他のACE阻害剤との併用は、腎不全（急性腎不全を含む）、高カリウム血症を発症するリスクを増加させる。

Hymenoptera毒に対する過敏症の場合の脱感作療法：ラミプリルを含むACE阻害剤は、Hymenoptera毒に対する重度のアナフィラキシーまたはアナフィラキシー様反応を発症す. この効果は、他のアレルゲンの使用によっても起こり得ると考えられる. ACE阻害剤による治療の背景に対して、hymenopteran昆虫（挙ミツバチ、スズメバチ）の毒に対する過敏反応はより速く発達し、より重度である. Hymenopteran毒への脱感作が必要な場合は、ACE阻害剤を一時的に別のクラスの適切な薬物に置き換える必要があります

禁忌の組み合わせ

血液透析または血液濾過中に負に帯電した表面（挙ポリアクリロニトリル膜）を有するいくつかの高流量膜の使用、LDLアフェレーシスにおけるデキ -重度のアナフィラキシー反応のリスク。

推奨しない組み合わせ

カリウム塩とともに、カリウム温存性利尿薬（例えば、アミロリド、トリアムテレン、スピロノラクトン) -血清中のカリウム濃度のより顕著な増加が可能である（同時に使用すると、血清中のカリウム濃度を注意深く監視する必要がある）。

注意して使用する必要がある組み合わせ

降圧薬（特に利尿薬）および血圧を低下させる他の薬物（硝酸塩、三環系抗うつ薬) -降圧効果の増強、利尿薬と組み合わせると、血清中のナトリウムレベルを監視する必要があります。

睡眠薬、麻薬および鎮痛剤を使って -血圧のより顕著な低下が可能である。

昇圧交感神経刺激薬（エピネフリン）を用いて) -ラミプリルの降圧効果を低下させるには、血圧を注意深く監視する必要があります。

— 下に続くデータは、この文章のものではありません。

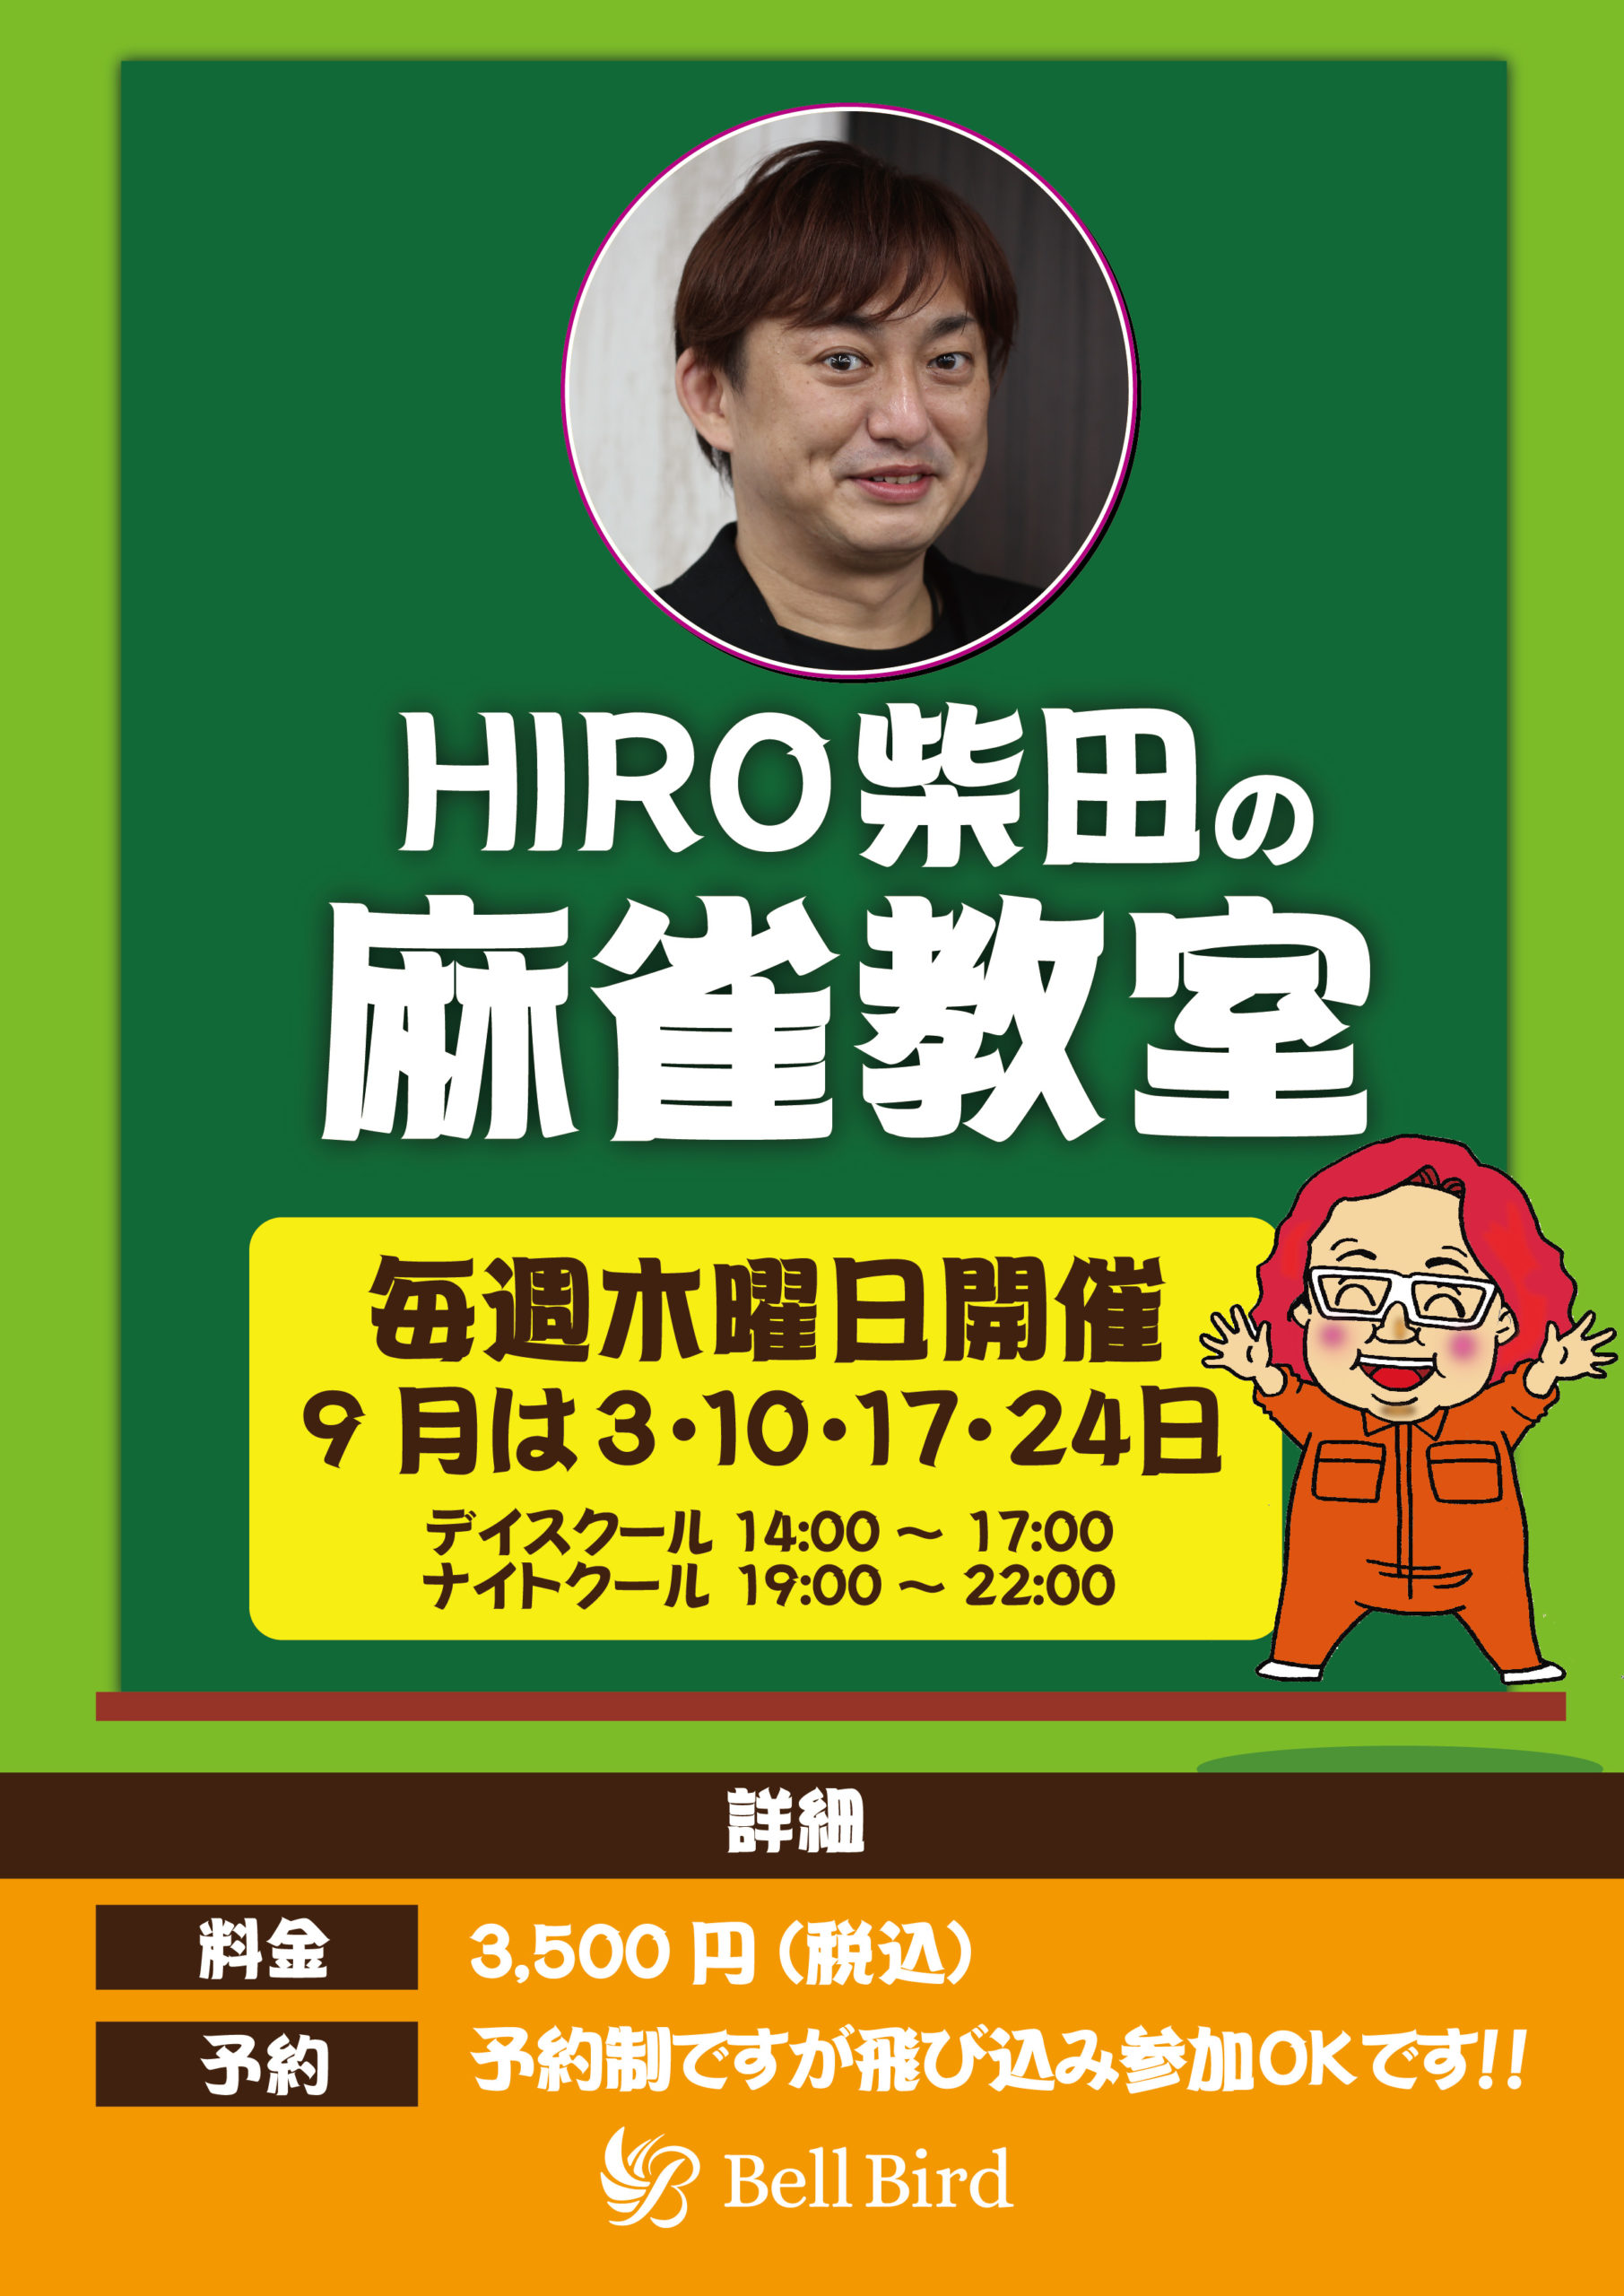 HIRO柴田_202009

血液学的パラメータに影響を与える可能性のあるアロプリノール、プロカインアミド、細胞増殖抑制剤、免疫抑制剤、全身性コルチコステロイドおよび他の -共同使用は、白血球減少症を発症するリスクを増加させる。

リチウム塩を使って -血清リチウム濃度の増加およびリチウムの心臓および神経毒性効果の増加。

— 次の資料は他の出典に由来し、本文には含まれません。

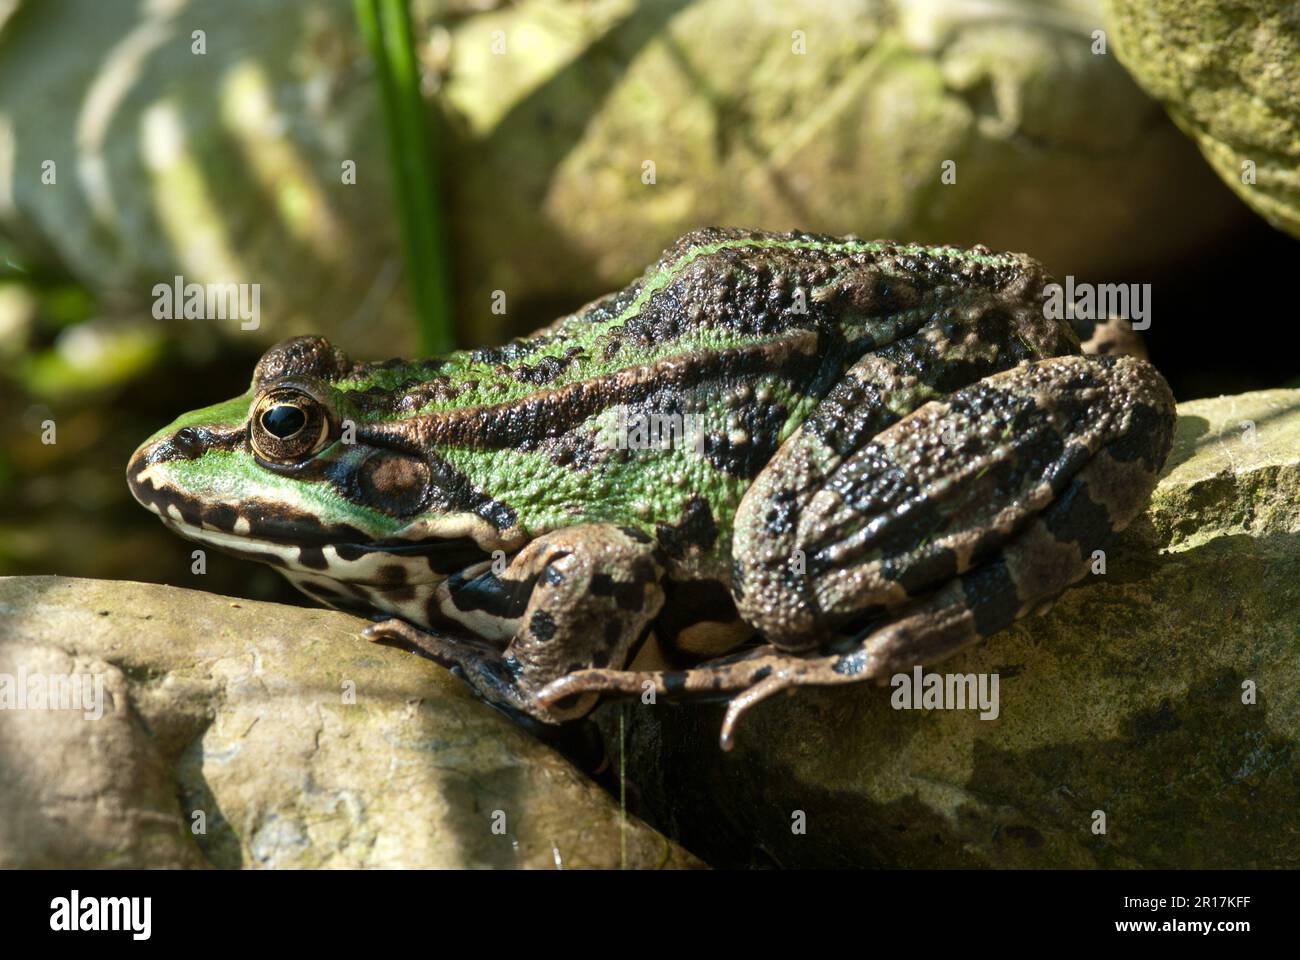 La rana commestibile (Pelophylax kl. Esculentus) è una specie di rana comune europea, nota anche come rana comune o rana verde Foto Stock

経口投与のための血糖降下剤（スルホニル尿素誘導体、ビグアニド）、インスリン —ラミプリルの影響下でのインスリン抵抗性の低下により、低血糖の発症まで、これらの薬物の低血糖効果を高めることが可能である。

考慮すべき組み合わせ

NSAIDs（インドメタシン、アセチルサリチル酸) -ラミプリルの作用を弱め、腎機能障害のリスクを高め、血清中のカリウム濃度を増加させることが可能である。

ヘパリンと -血清中のカリウム濃度を増加させることが可能である。

塩化ナトリウムと -ラミプリルの降圧効果の弱化および慢性心不全の症状の効果的でない治療。

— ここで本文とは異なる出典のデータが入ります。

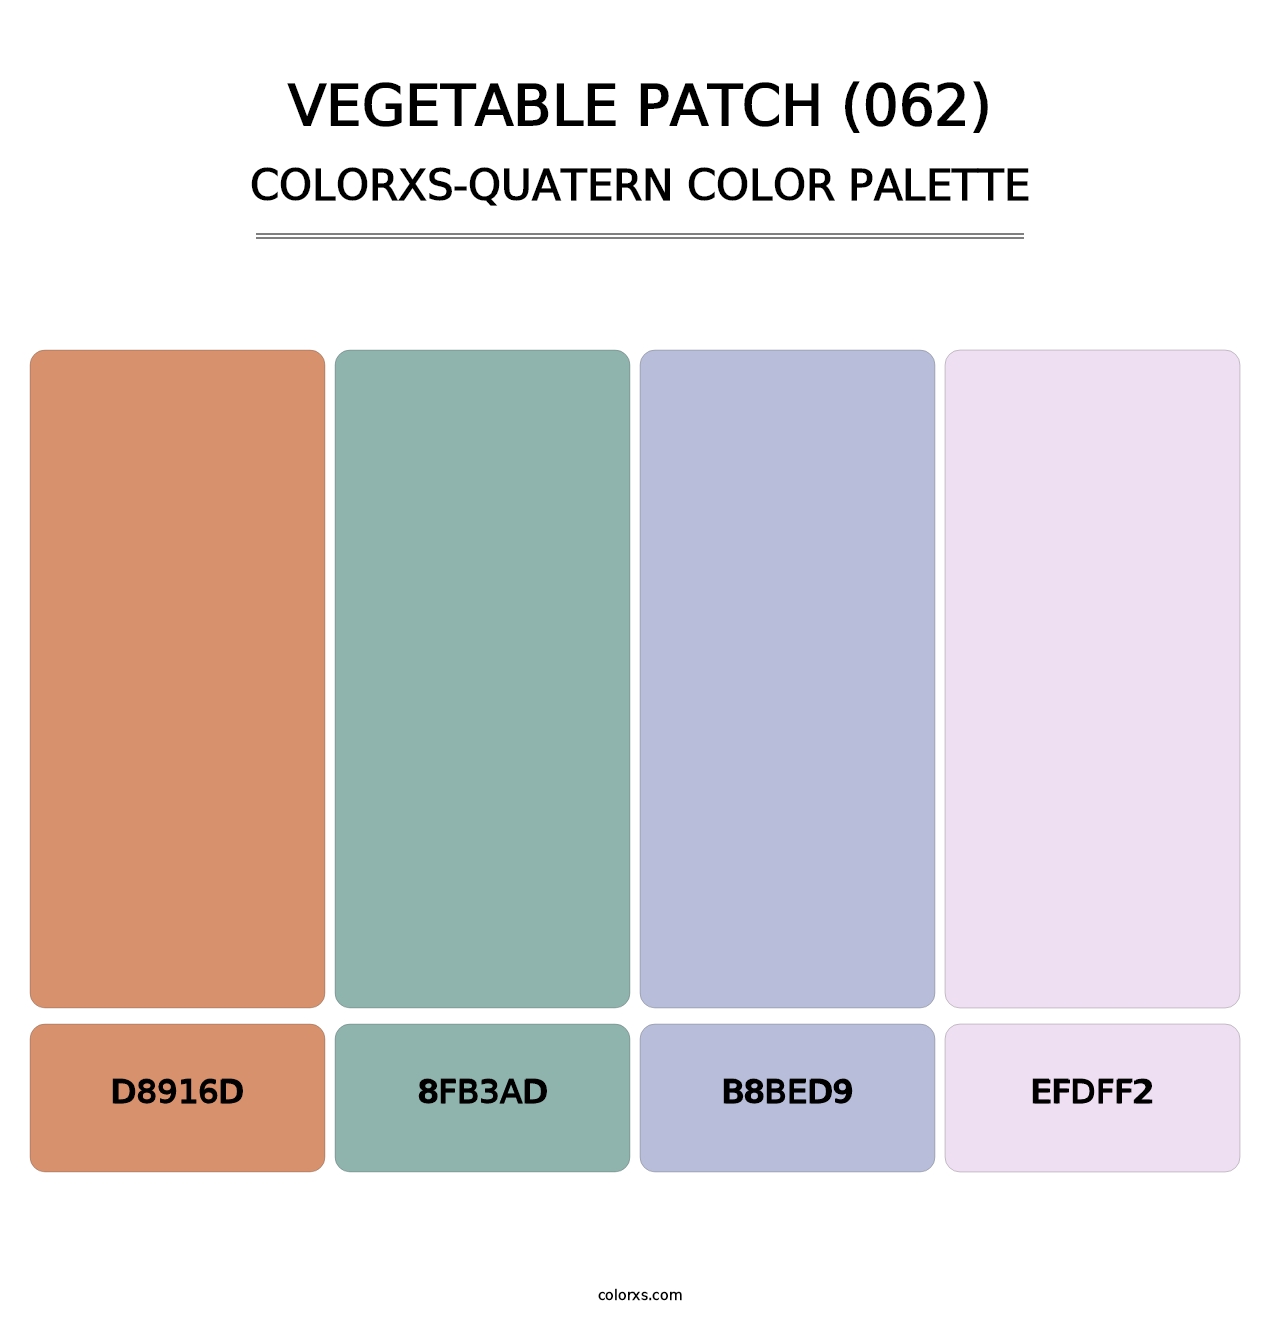 Vegetable Patch (062) - Colorxs Quatern Palette

エタノールと -血管拡張の増加。 ラミプリルは、体に対するエタノールの悪影響を増加させる可能性があります。

エストロゲンと -ラミプリルの降圧効果の弱化（体液貯留）。

昆虫毒に対する過敏症に対する脱感作療法 -ラミプリルを含む薬剤は、薬剤に対する重度のアナフィラキシーまたはアナフィラキシー様反応の可能性を高める。